CDC Urges Clinicians to Report Possible Cases of Unexplained Vaping-associated Pulmonary Illness
The U.S. Centers for Disease Control and Prevention (CDC) is encouraging clinicians to report cases of significant respiratory illness of unclear etiology and a history of vaping to the appropriate state and/or local health department.
According to the CDC, as of August 14, 2019, 30 cases of severe pulmonary disease have been reported to the Wisconsin Department of Health Services (DHS). Using a case definition drafted by DHS, 15 cases are confirmed (ages 16-34 years) and 15 cases are still under investigation (ages 16-53 years). Patients presented with respiratory symptoms including cough, shortness of breath, and fatigue. Symptoms worsened over a period of days or weeks before admission to the hospital. Other symptoms reported by some patients included fever, chest pain, weight loss, nausea, and diarrhea. Chest radiographs showed bilateral opacities, and CT imaging of the chest demonstrated diffuse ground-glass opacities, often with sub-pleural sparing. Evaluation for infectious etiologies was negative among nearly all patients.
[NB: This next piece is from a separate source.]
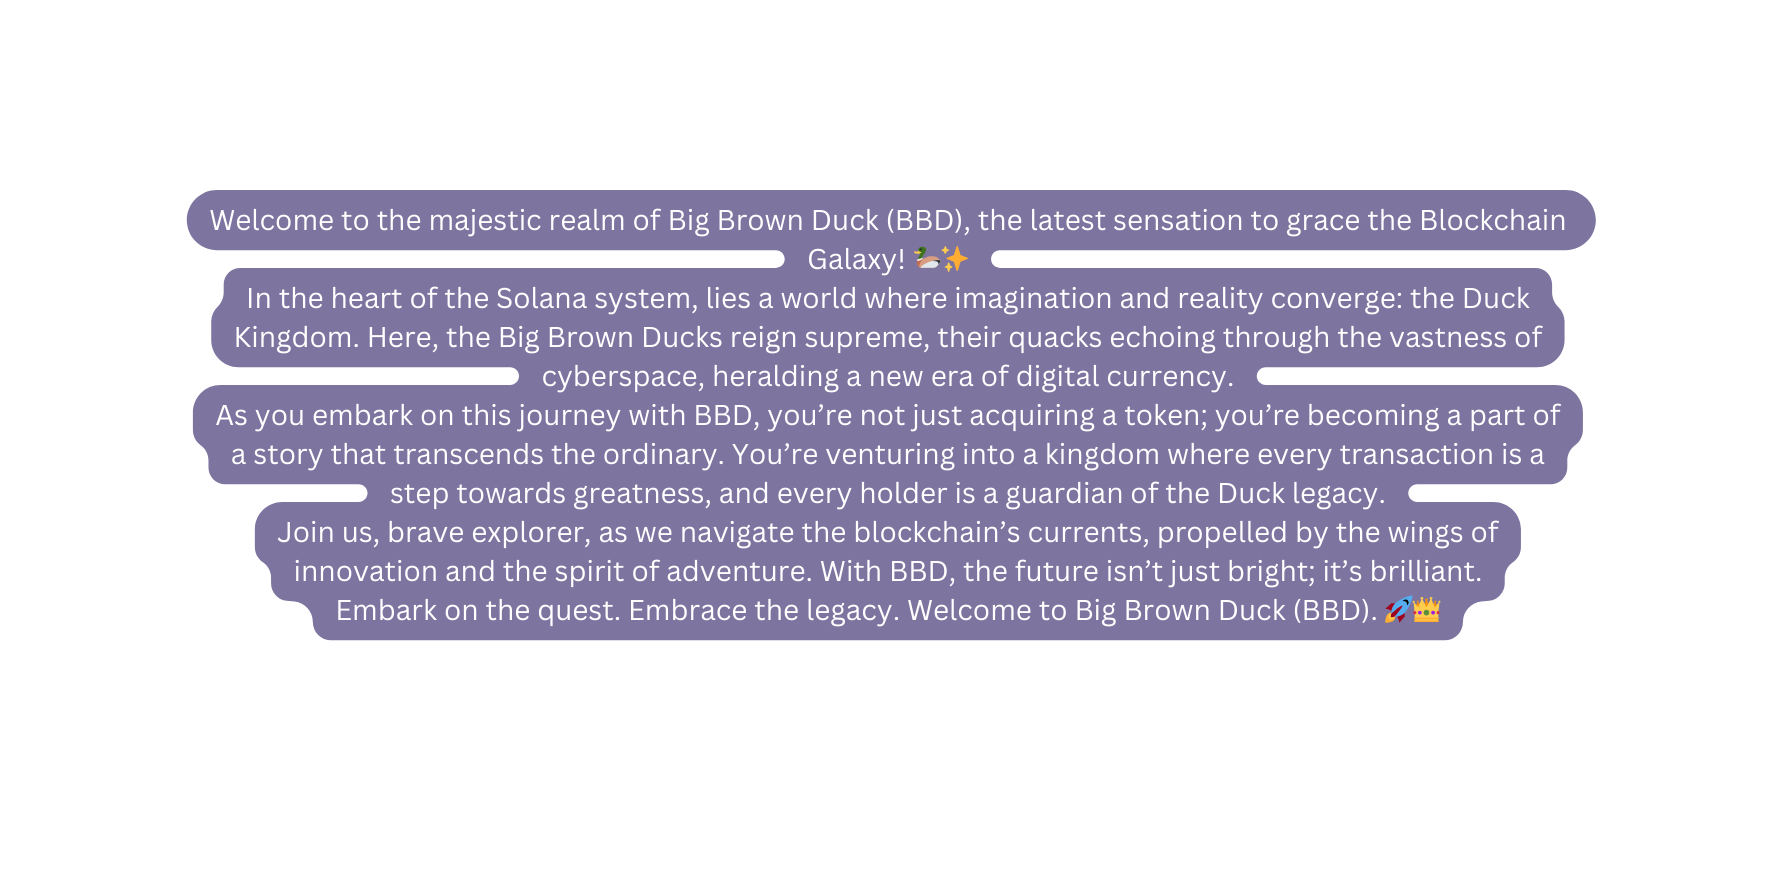 Welcome to the majestic realm of Big Brown Duck BBD the latest sensation to grace the Blockchain Galaxy In the heart of the Solana system lies a world where imagination and reality converge the Duck Kingdom Here the Big Brown Ducks reign supreme their quacks echoing through the vastness of cyberspace heralding a new era of digital currency As you embark on this journey with BBD you re not just acquiring a token you re becoming a part of a story that transcends the ordinary You re venturing into a kingdom where every transaction is a step towards greatness and every holder is a guardian of the Duck legacy Join us brave explorer as we navigate the blockchain s currents propelled by the wings of innovation and the spirit of adventure With BBD the future isn t just bright it s brilliant Embark on the quest Embrace the legacy Welcome to Big Brown Duck BBD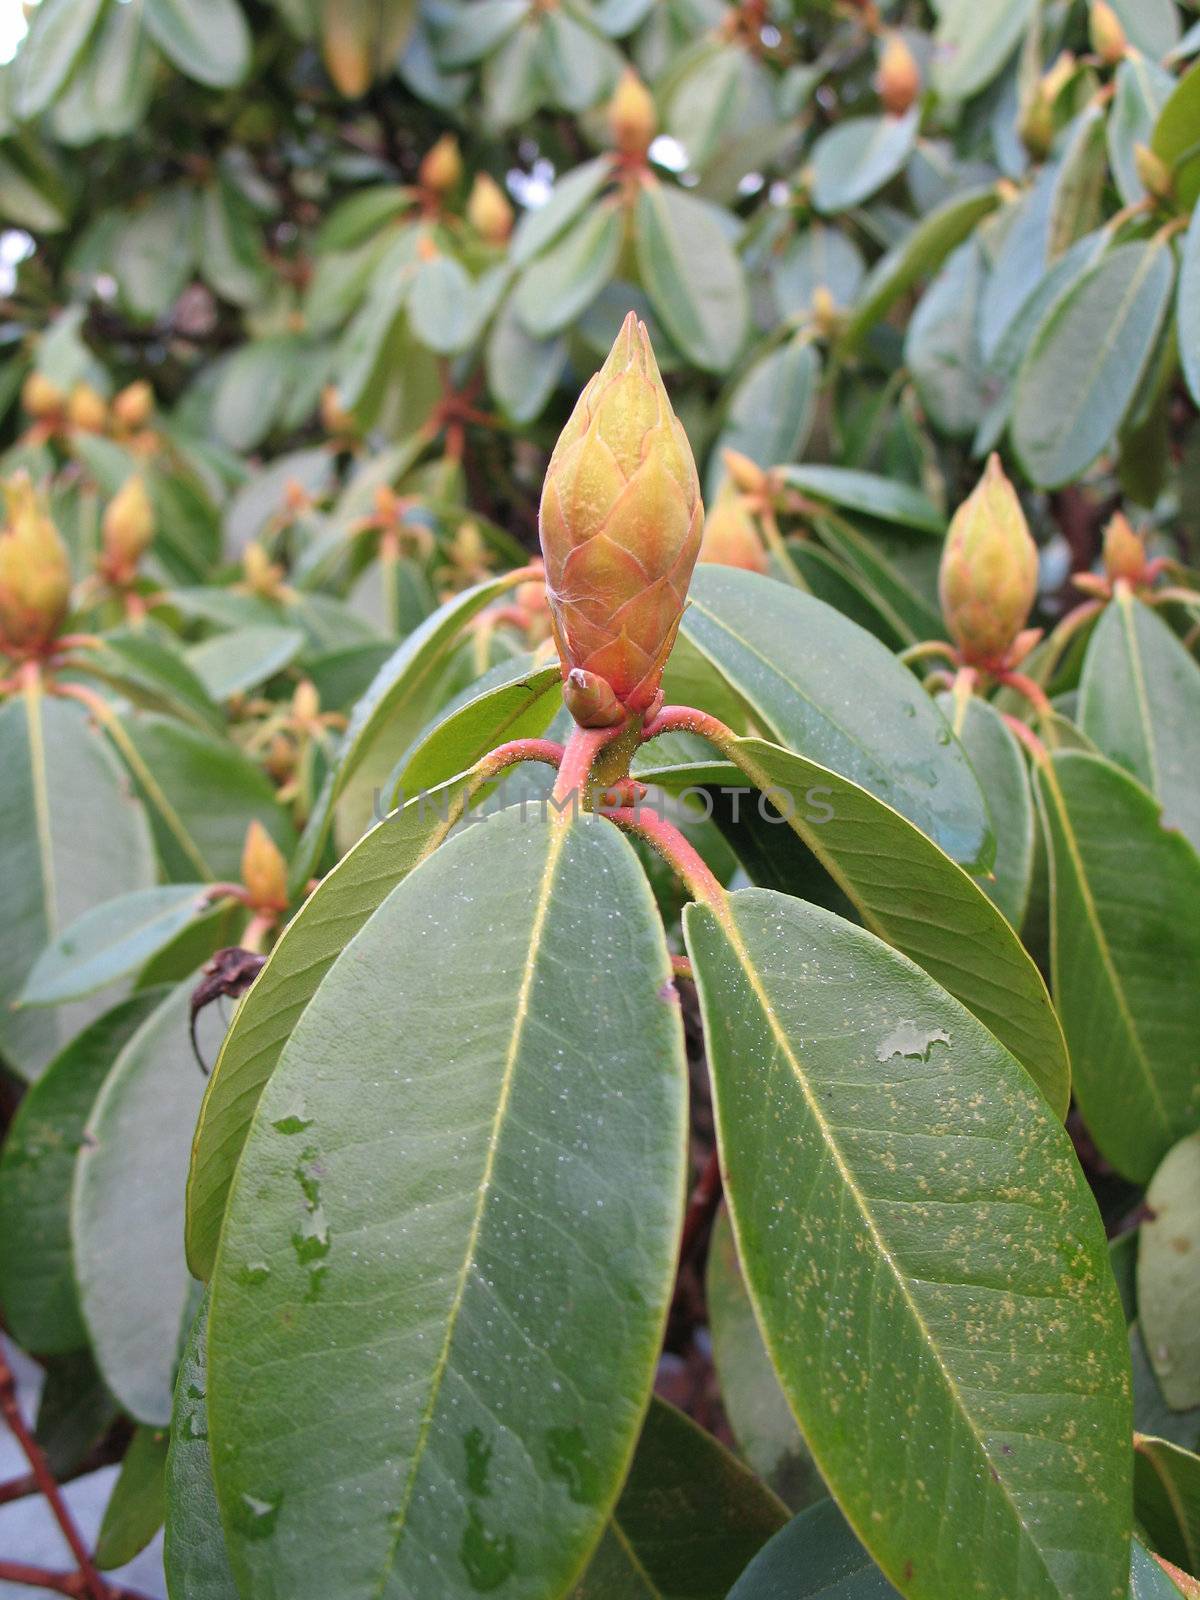 rhododendron flower buds by mmm

Some patients experienced progressive respiratory compromise requiring mechanical ventilation but subsequently improved with corticosteroids. All patients reported “vaping” (i.e., use of e-cigarette devices to aerosolize substances for inhalation) in the weeks and months prior to hospital admission. Many have acknowledged recent use of tetrahydrocannabinol (THC)-containing products while speaking to healthcare personnel or in follow-up interviews by health department staff; however, no specific product has been identified by all cases, nor has any product been conclusively linked to this clinical syndrome. DHS is working with the Wisconsin State Lab of Hygiene and the U.S. Food and Drug Administration to investigate the possible cause of these illnesses by testing patient specimens and vaping products.